Top of Recorded information

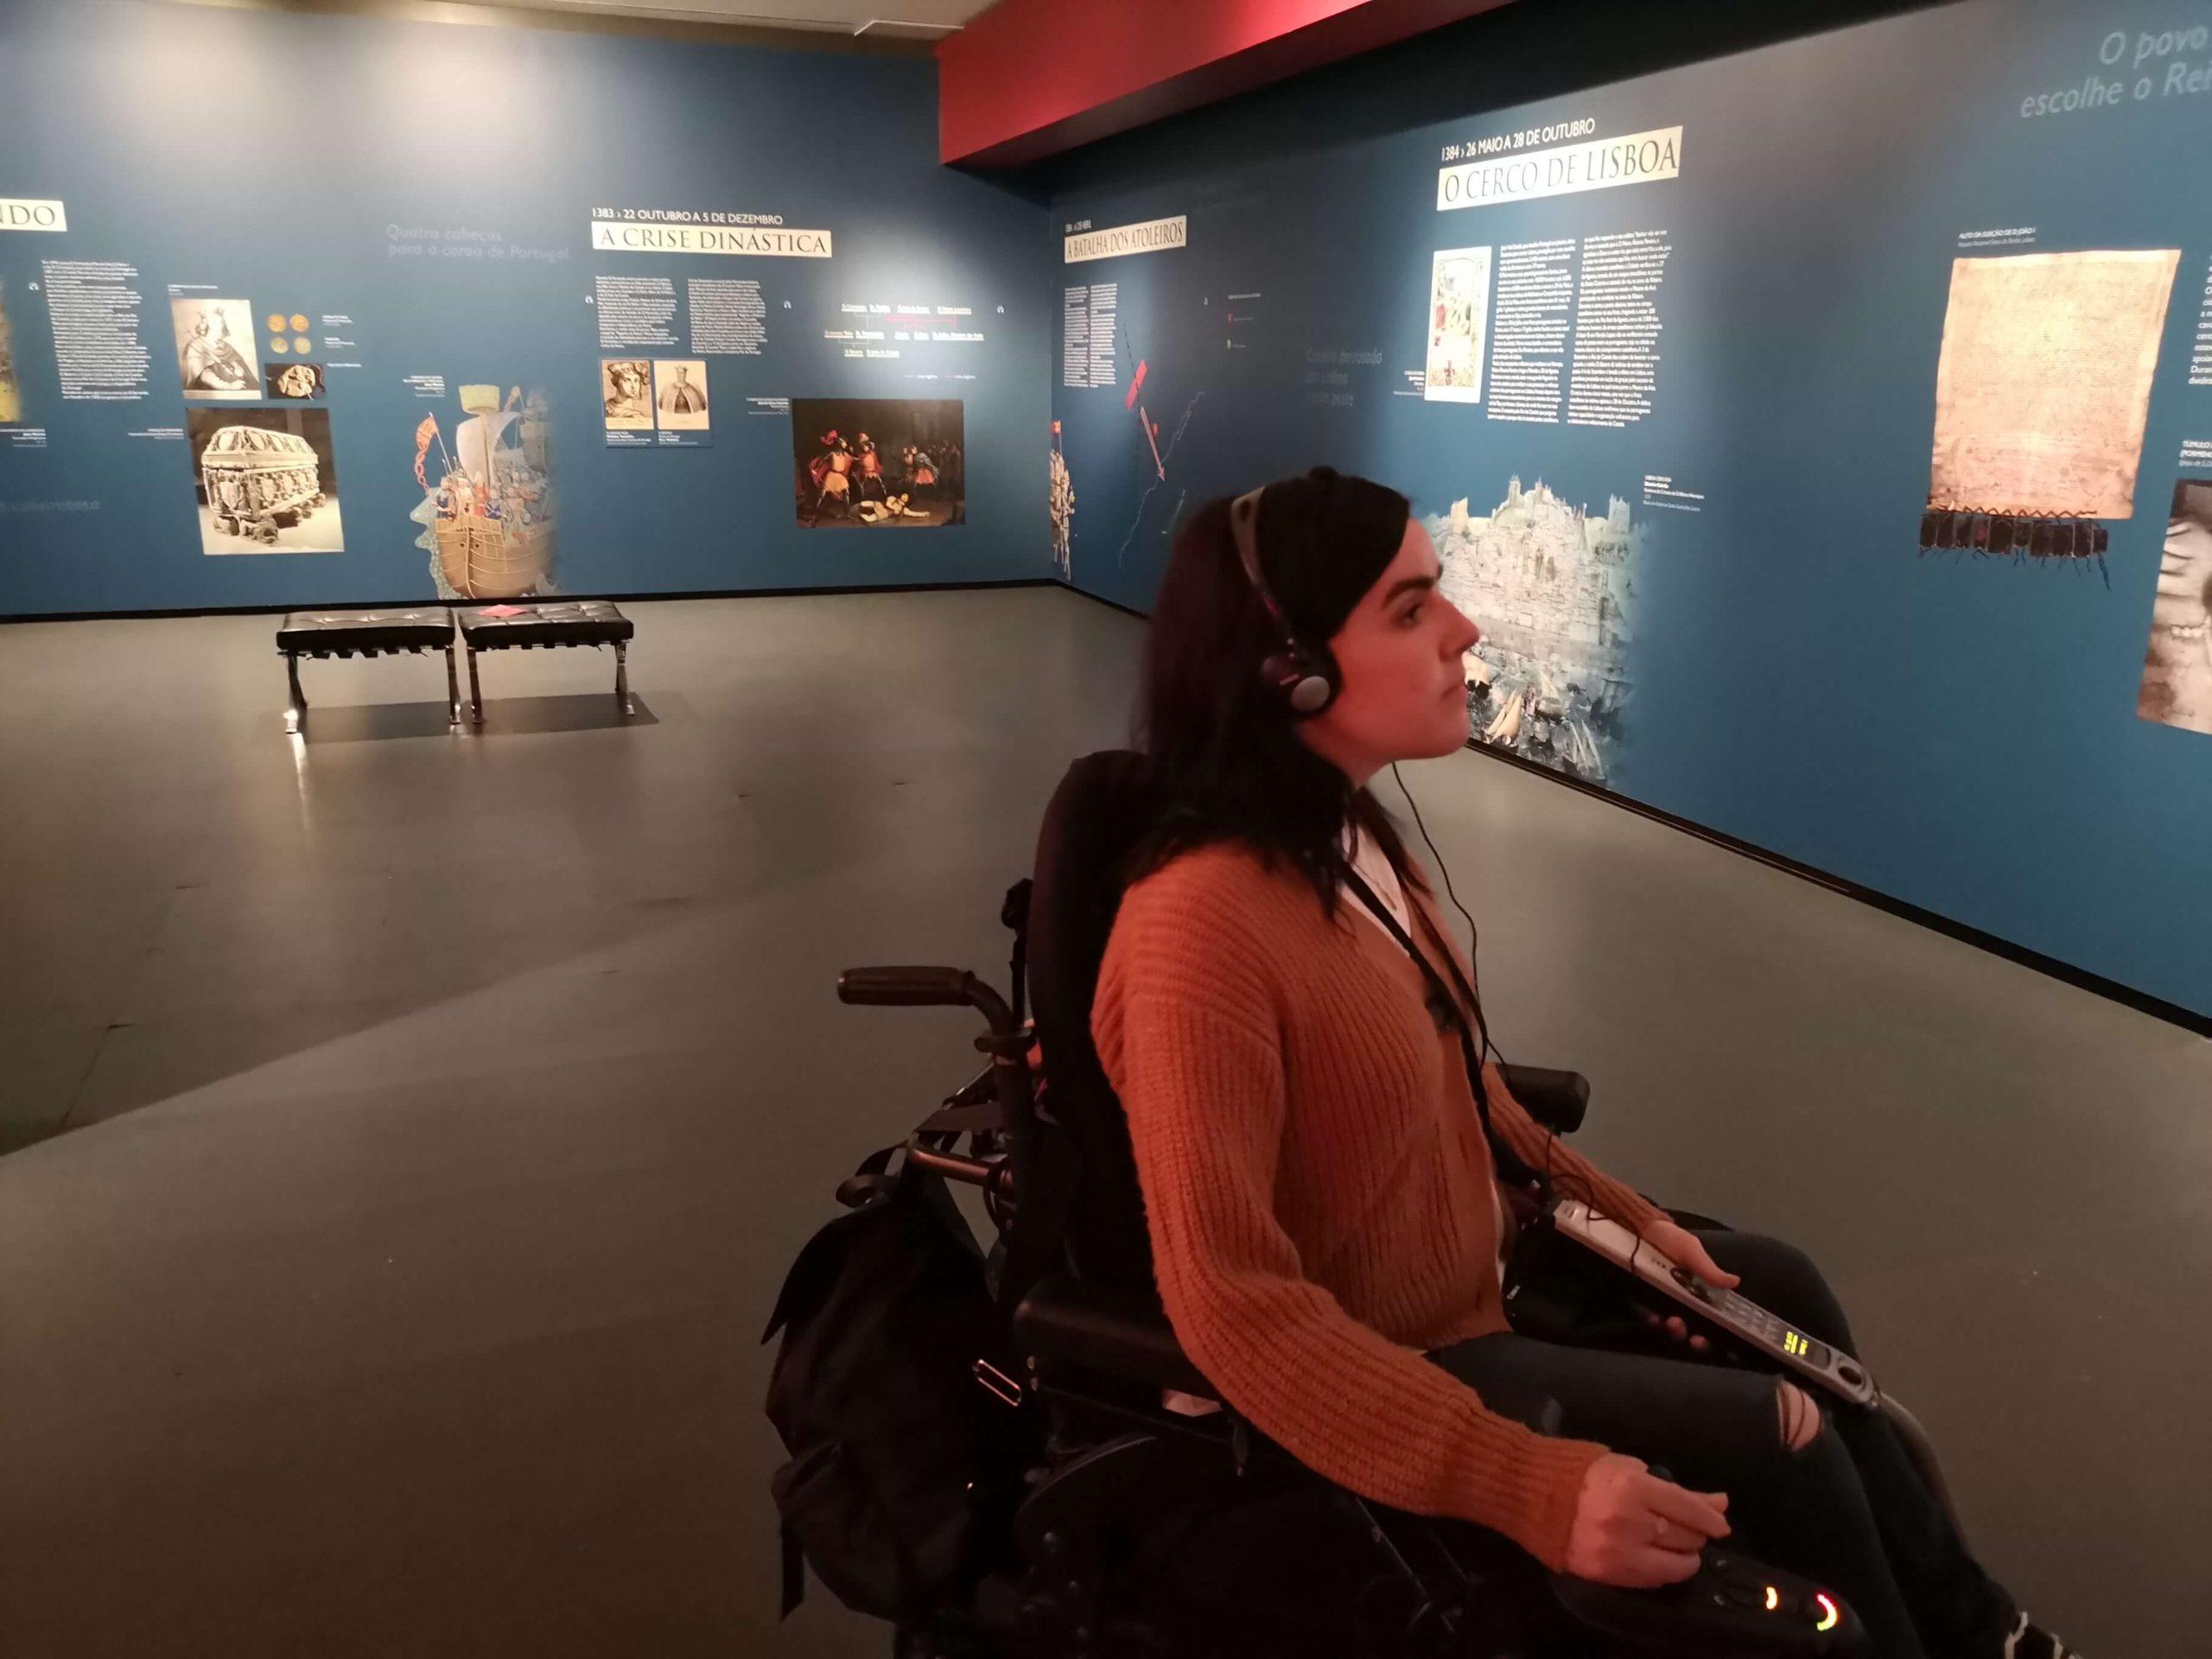 Emma wearing an audio headset listening to the history at Interpretation Centre of Aljubarrota Battle
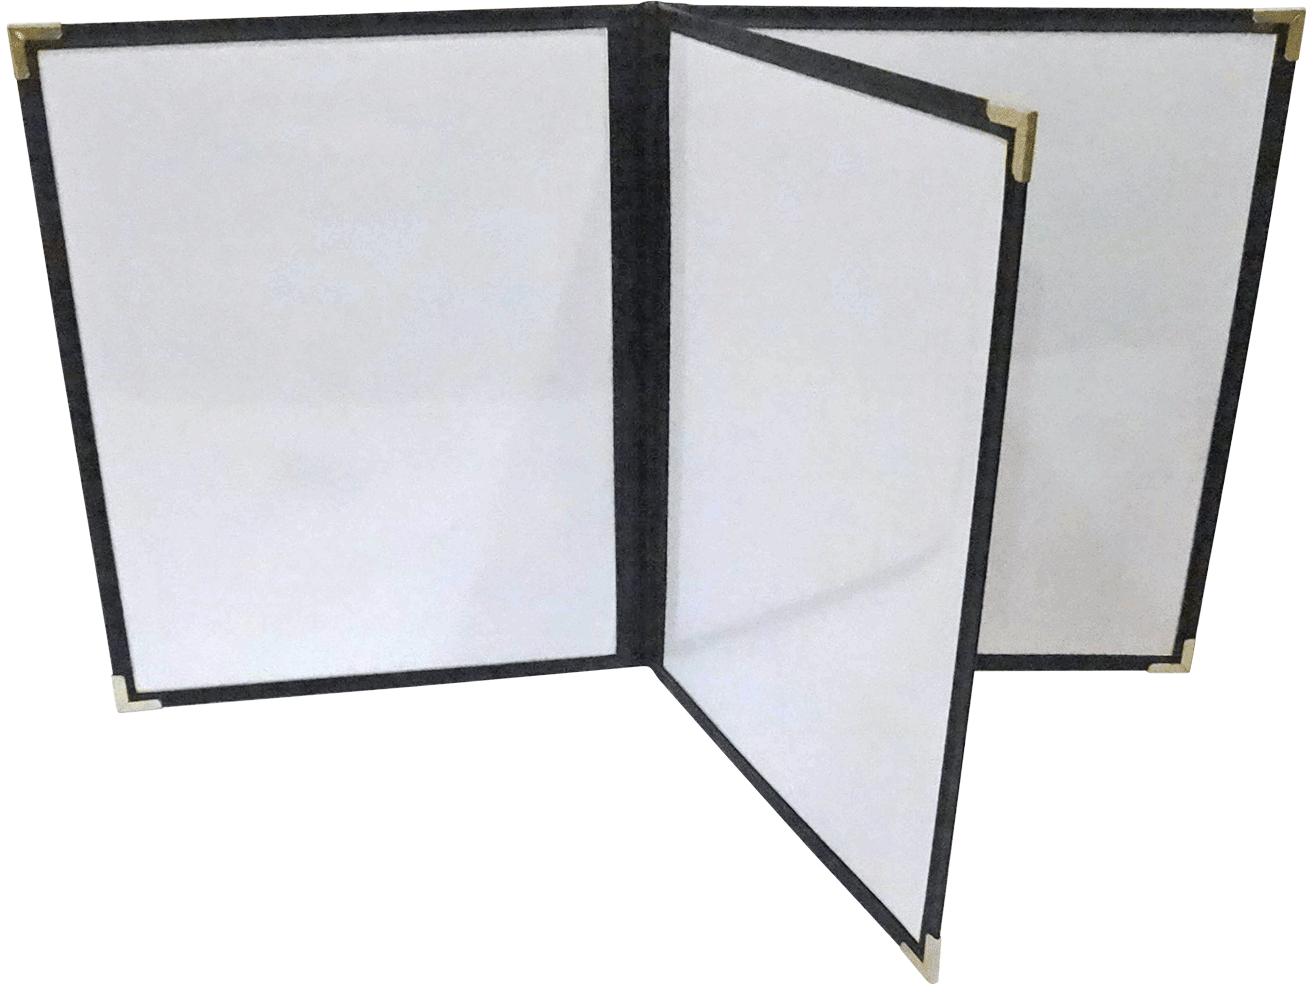 Portamenú modeloCDS-310B interior
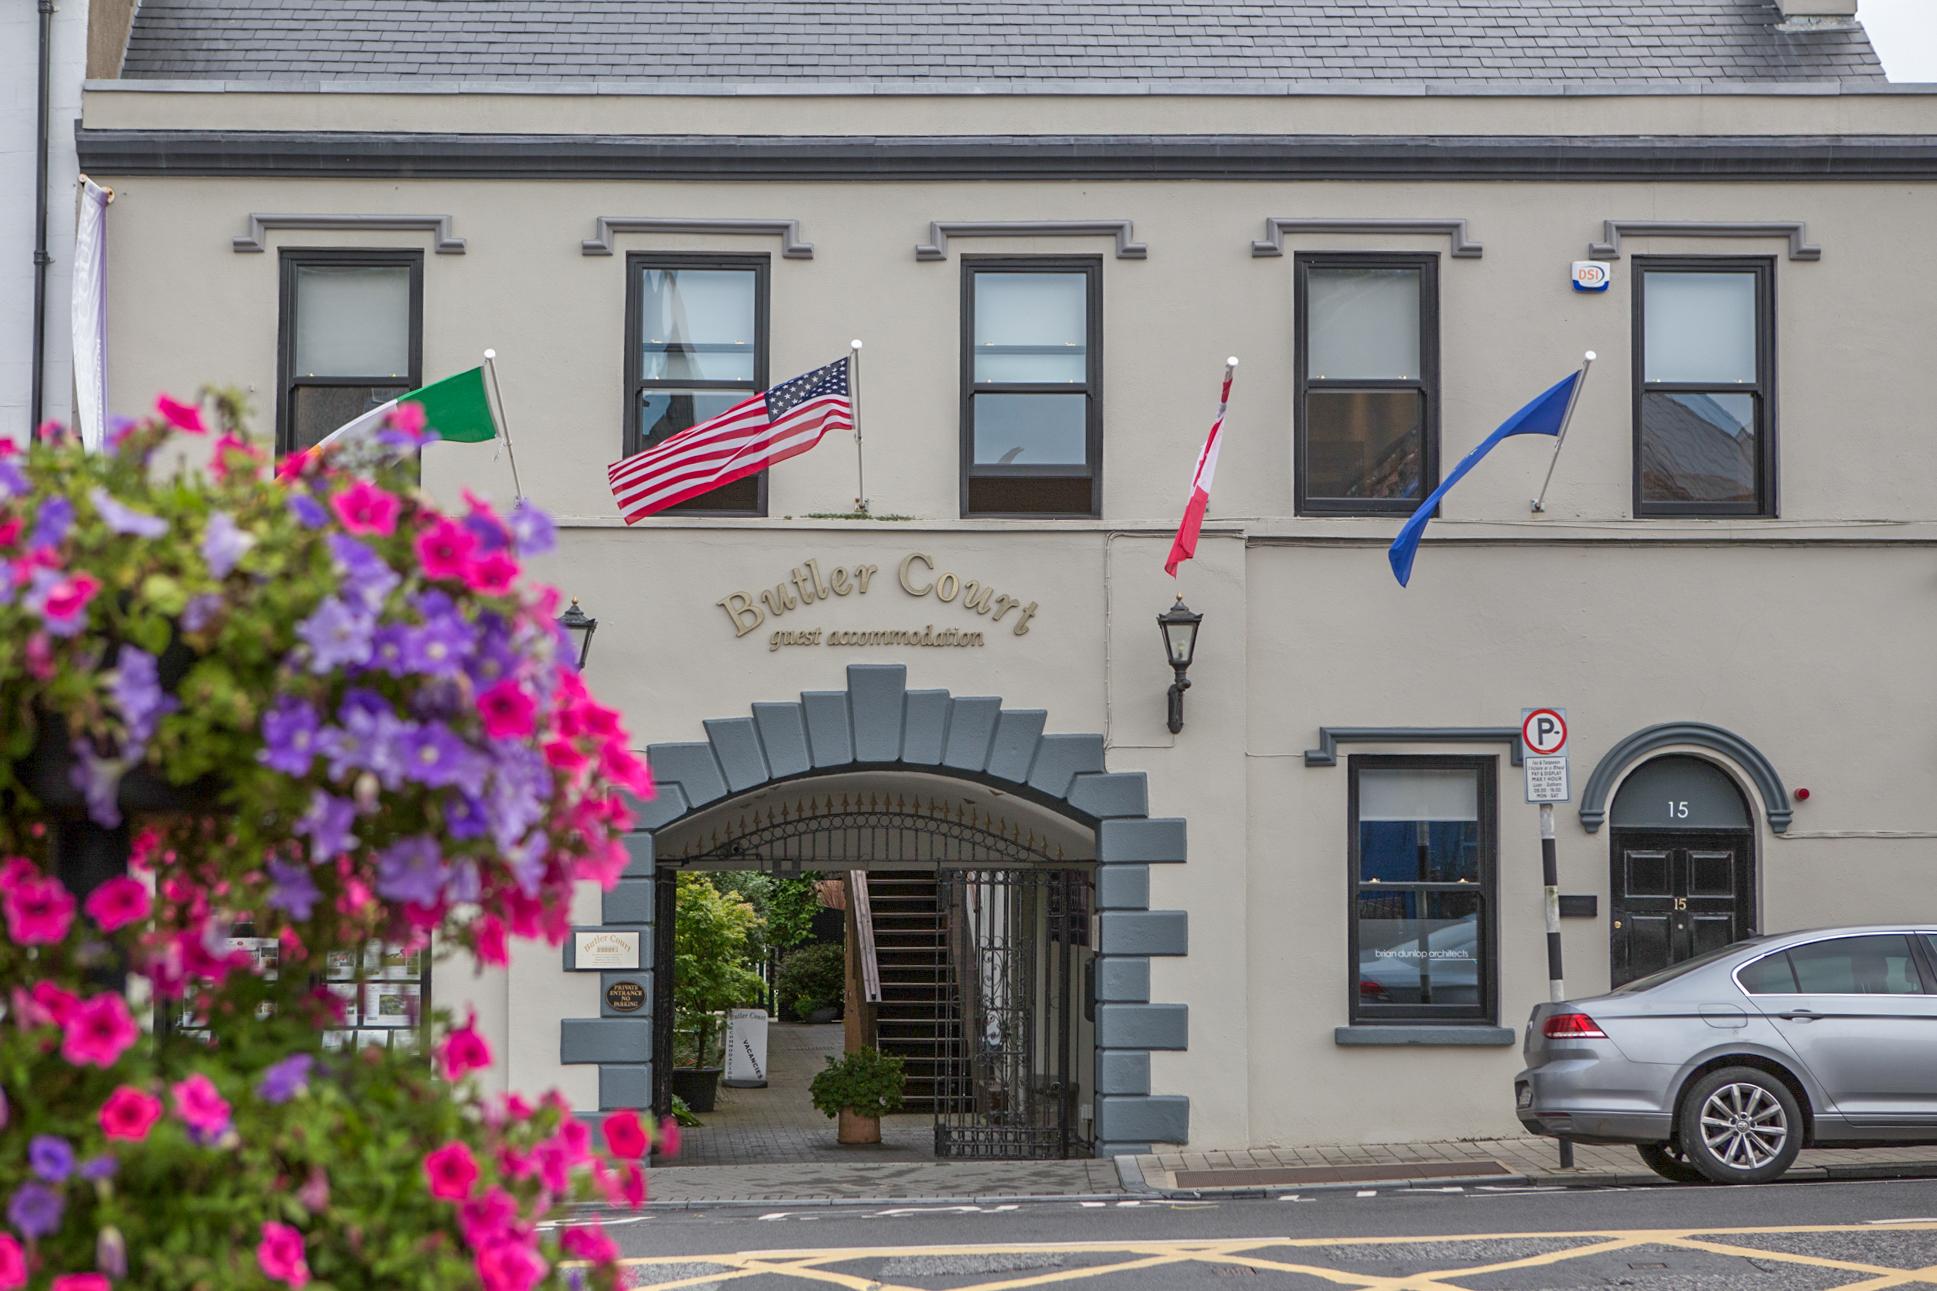 butler court kilkenny guest accommodation

Bottom of Recorded information

Every line from the one holding "Portamenú modeloCDS-310B interior" through the final line of the data above is to be reproduced exactly, both ends included, with the pictures left out.

 Portamenú modeloCDS-310B interior
 butler court kilkenny guest accommodation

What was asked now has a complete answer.